When Shah spoke, he brought it back to the original question about the importance of zip codes.   

“We recently did analysis because part of how we started the company was we actually wrote a health IQ test. We got millions of people to take it, so we actually have this data set that shows basically health literacy across the country zip code by zip code by zip code. The other day I was looking for something and so we ran this report, and we’re going to put out this infographic, and we said, ‘Hey, what’s the disparity between genders?’ And we expected the normal thing that you would see: typically lower scores in women and higher scores in men," he said. (This did not make the women in the audience very happy, and they let Shah know it.) 

"What we found was the exact opposite. So, in every single state but one, for reasons I cannot explain, basically there’s a gender gap in literacy, where the men are less literate. Except, interestingly, the poorer the state, the bigger that gap or the smaller that gap? The bigger the gap. And, so, we’re starting to be able to get, and a lot of this literacy is the foundation. Knowing isn’t going, but you can’t do what you don’t know."

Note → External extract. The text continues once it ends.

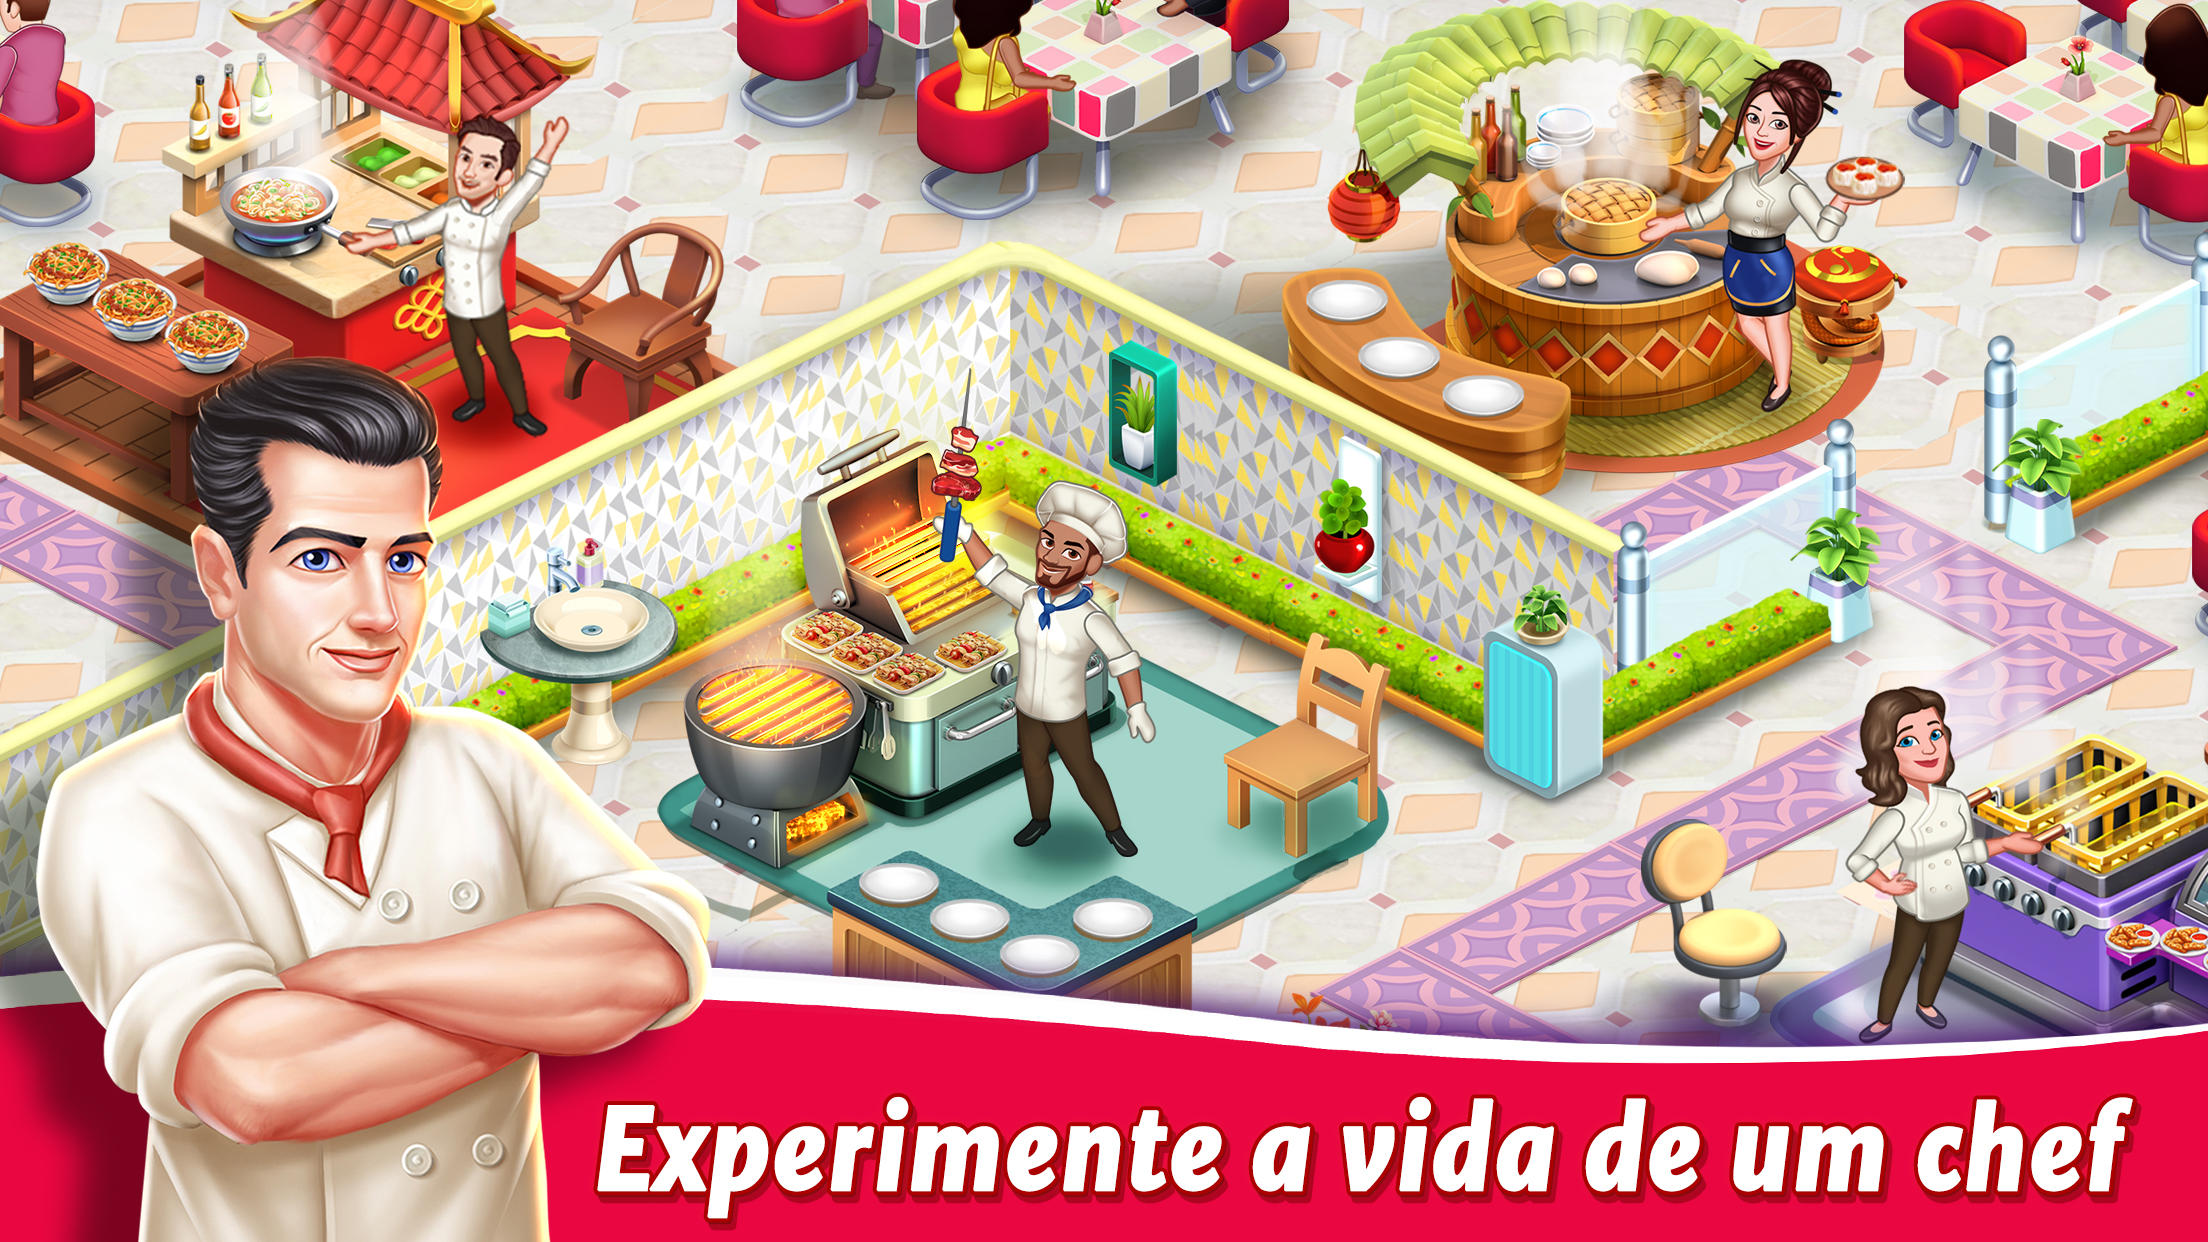 Screenshot 1 of Star Chef 2: Jogo de Cozinhar 1.7.2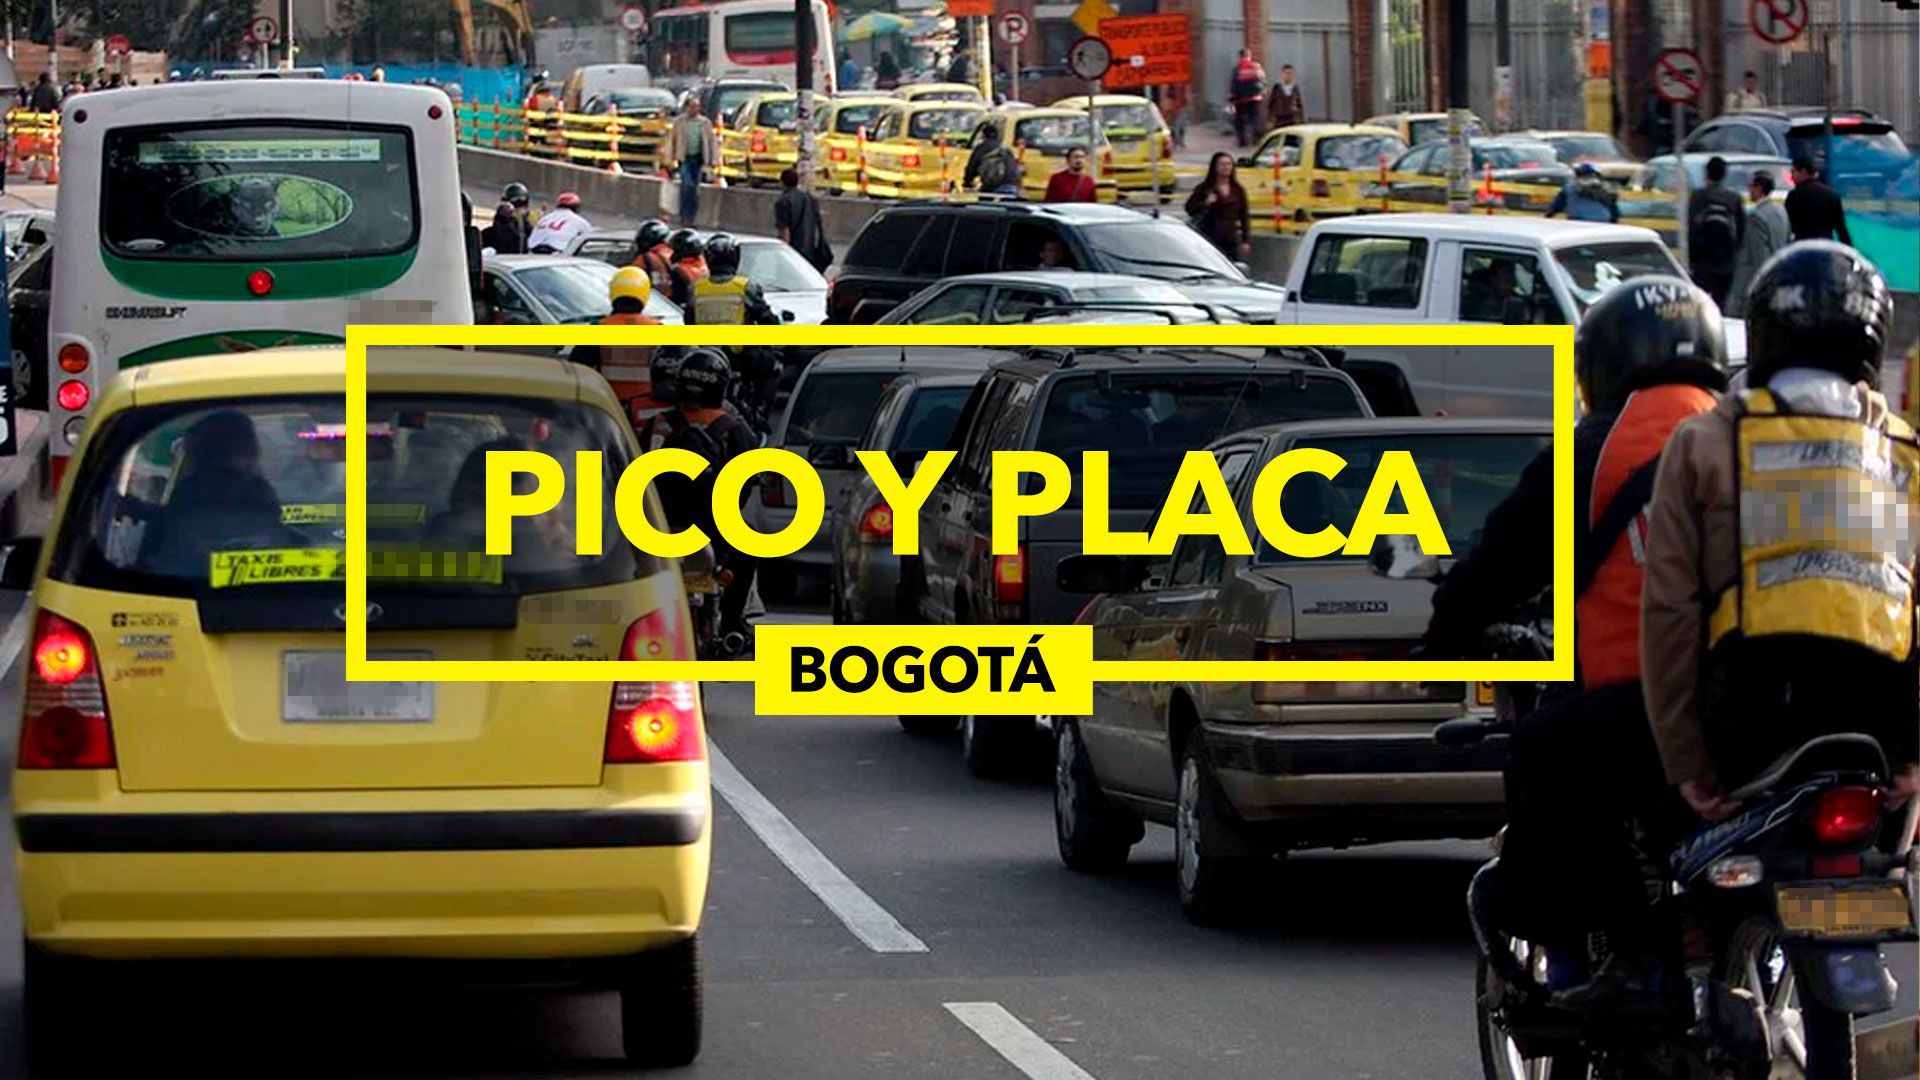 El Pico y Placa no aplica los domingos y en días fesitivos (Infobae/Jovani Pérez)

Sometimes low incomes = high health literacy

Some of the other things that Health IQ has found, he noted, is that, while, normally, high income equals high health literacy and low income equals low health literacy, there are pockets all over the country where there is low income and high health literacy.

"We’re starting to try to figure out, why is that? What happened in these pockets? Is there something we can replicate to other pockets? We don’t have to just accept the normal orthodoxy of this; let’s let the data tell us, and let’s let the data help us find these contrarian things we can see. And maybe there’s an insight in that as well. Not always. Some of the ones we found were just university towns, so that didn’t teach us anything, it’s just a bunch of 22 year olds making no income but are very well educated. So that’s some of it, but we’re looking at the data in a very different way around literacy."